As time went on, I stopped updating as frequently. With the demands of high school and my social life, finding the time to sit down and write 3,000–4,000 words for free wasn’t easy. I lacked the passion to continue my story, but I kept writing it out of loyalty to my followers.
Not to mention, as I got older, I started to realize just how cringe-worthy my book really was. It wasn’t even good enough to make it into the 99-cent clearance section at the bookstore.
Currently, my novel still remains published and unfinished on Wattpad. It’s hasn’t been updated in over a year, but I still get messages from people inquiring about new updates. With my stomach twisted in knots, I tell them not to hold their breath because I may never update again.
Saying that — while knowing I’m disappointing myself and others — isn’t easy for me to do, but the reality is that I’ve changed as a writer. I’m no longer the fifteen-year-old girl who wanted to write a cheesy werewolf romance.
And I’m okay with that.
I know I’m not the only one with half-finished projects that clog up my computer space (although hopefully, yours was never posted online for the world to see).
We all have unfinished work collecting cobwebs. And, although we may have moved on to bigger and better things, the ghosts of our half-finished projects still occasionally haunt us — so, what are we supposed to do with them?
Give it a second glance
Although I stopped writing my own novel because I was busier, there were still plenty of opportunities I could’ve used to sit down and work on it. I was busy, but I was also uninspired.
There are a lot of reasons we abandon our work, but most of them boil down to a lack of inspiration. Somewhere along the line, we lost our passion for the project and tossed it aside.
When we stumble over these half-finished tasks again, it’s tempting to hit the delete button or get rid of them. After all, nobody wants to be haunted by their failure.
But, before you head for the garbage can, I urge you to give your work a second glance. Just because you lost passion for the project doesn’t mean it isn’t worth finishing. That half-baked science fiction novel could be a best-seller in the making, and all you need is a little boost of inspiration to get you started again.
But, even if your work is less than impressive (and you still want to trash it after giving it a second glance), there is another reason you want to give your unfinished projects a thorough look-over.
No matter what your skill may be, you’ll find that you can recognize change and growth in old work.
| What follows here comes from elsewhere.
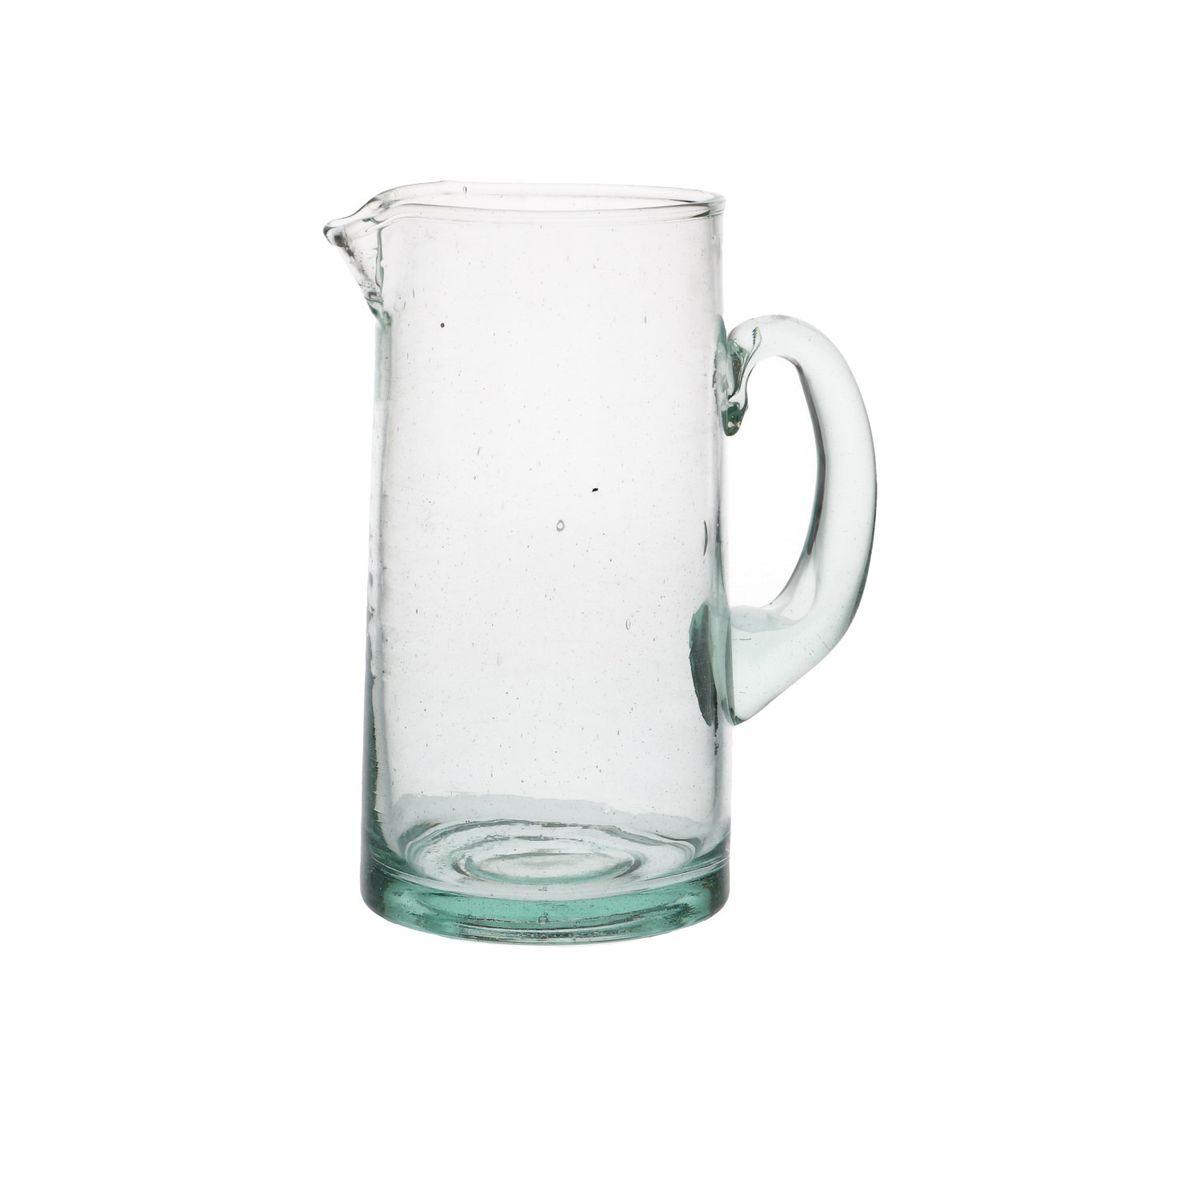 Karaf, groen glas, recht

The cheesy dialogue and faulty plot in my own novel feel like the creation of a completely different person. And, in a sense, it is — I’m no longer fifteen-years-old and dreaming of a werewolf to whisk me away.
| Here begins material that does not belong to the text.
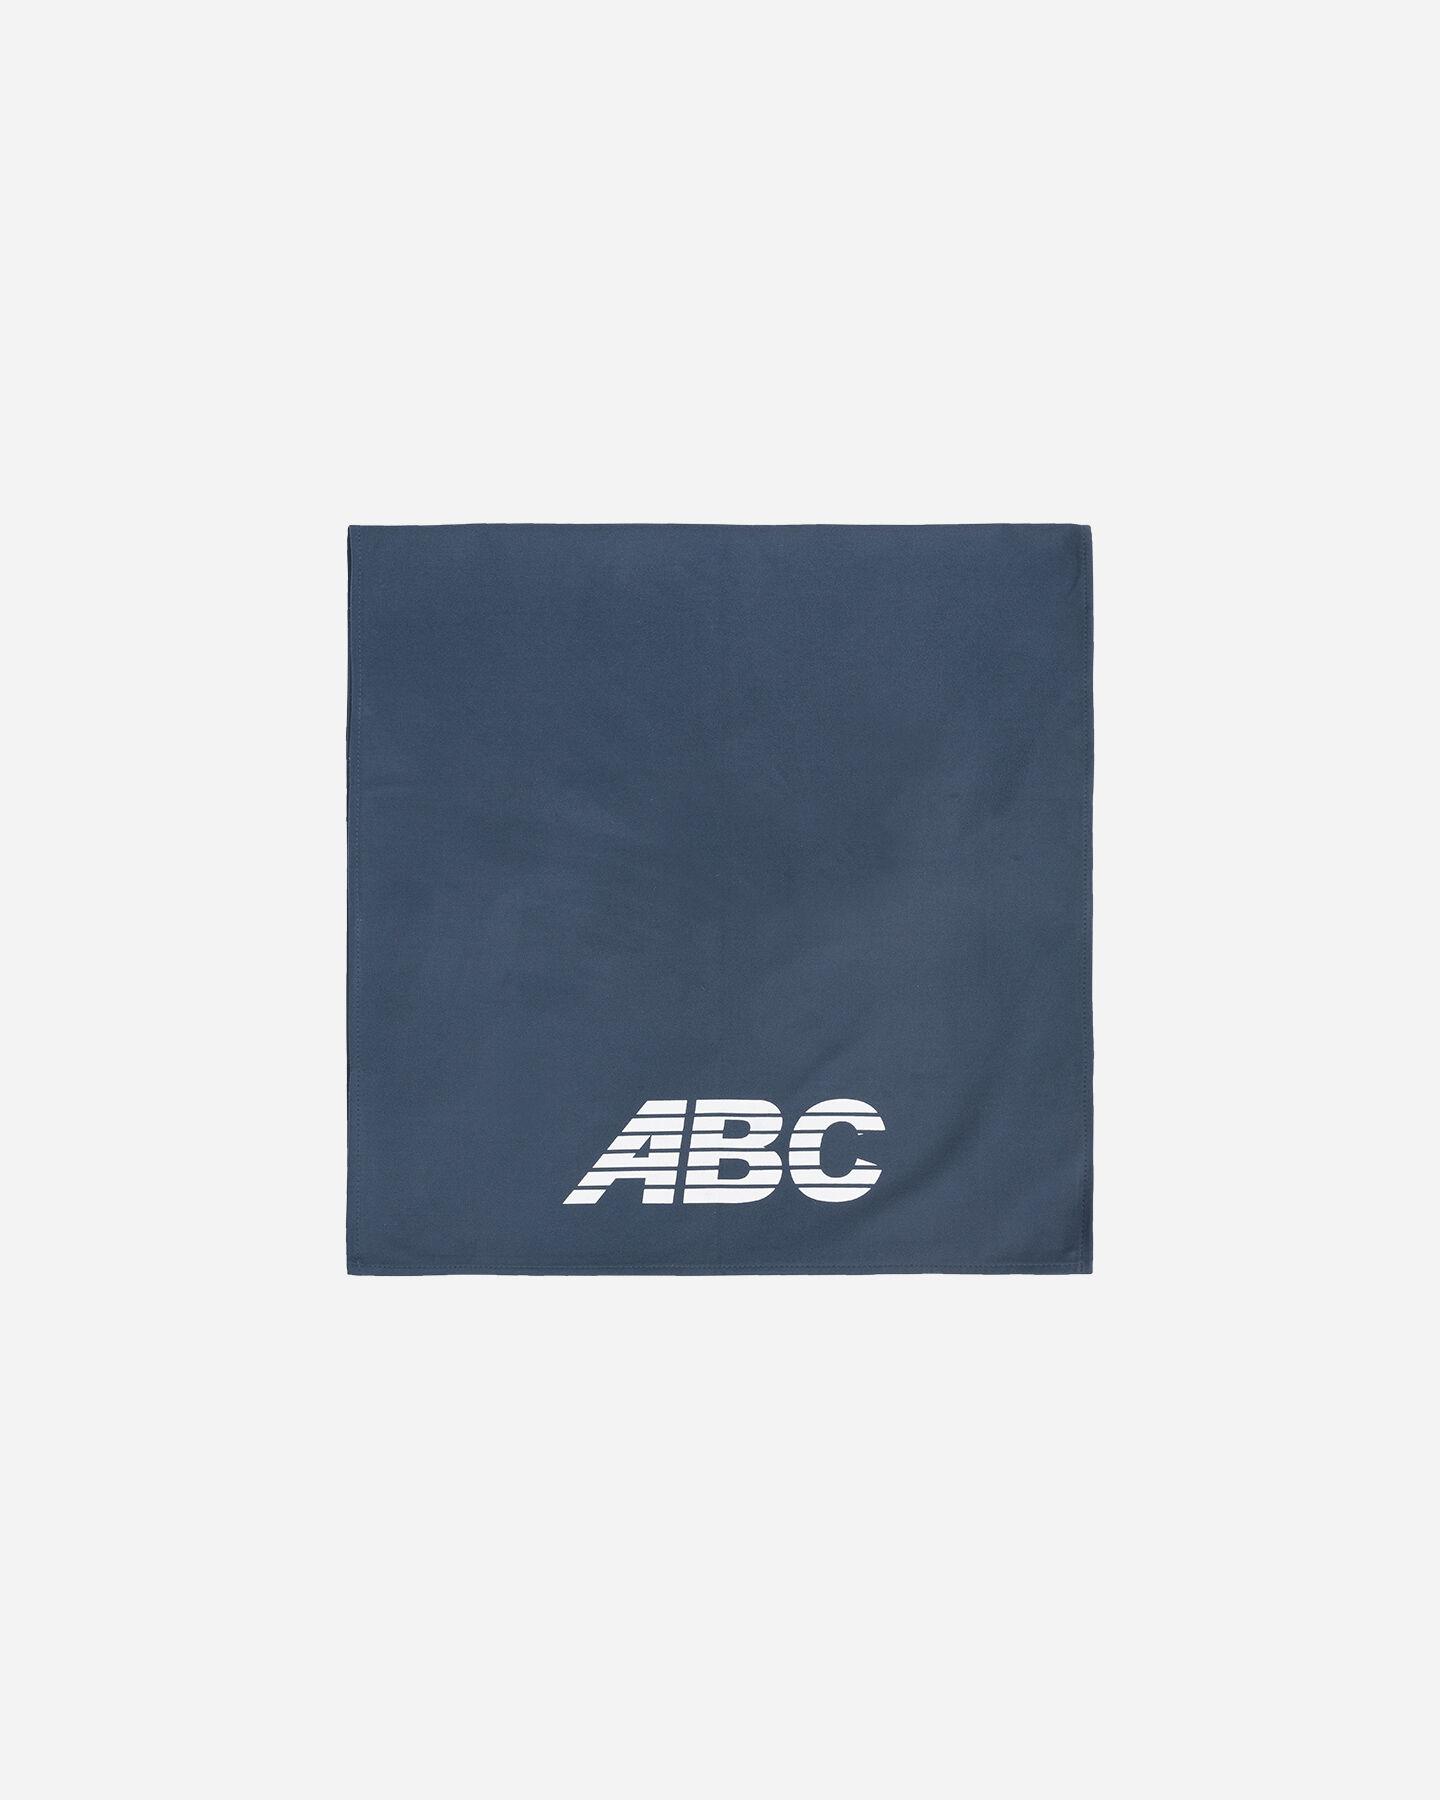 Telo ABC BASIC MICROFIBER 100X50 S4069031 scatto 1

I can even see a significant difference in some of my early articles on Medium. I know that, given the chance, I’d rewrite them in a completely different way.
Looking over old, unfinished projects is a reminder of how far you’ve come. That short story you started writing at eighteen is a far cry from the work you’re producing now. The past might be amateurish, cringy or down-right hard to stomach, so it’s okay to have a few laughs at your old stuff.
Erase the guilt and move on
Looking at unfinished work can sometimes make you feel like a failure. Half-finished projects aren’t satisfying.
If you have trouble finishing anything you do, that’s another issue — but the occasional uncompleted project is nothing to lose sleep over. It’s okay not to finish everything you start.
In fact, fixating on one task because you feel like you have to complete it is not a good idea — not only could it stop you from starting something better, but the end result probably won’t be great. A forced, passionless project is a waste of time. If an old idea sparks new inspiration, that’s great — but some projects just aren’t worth finishing.
Contrary to popular belief, old work isn’t useless. Some of it may be worth reworking, but if nothing else, it can remind us of how far you’ve come. There is always a sense of guilt attached to uncompleted work, but you shouldn’t let it consume you. A dated project is representative of the past, and you’re not always the same person you used to be.
In my case, I don’t have any intention of finishing my werewolf novel, but I also won’t delete it. As embarrassing as it may be, it’s an undeniable part of my history. I’m no longer that naive, Twilight-inspired teenager, but I don’t mind laughing at her every once and awhile.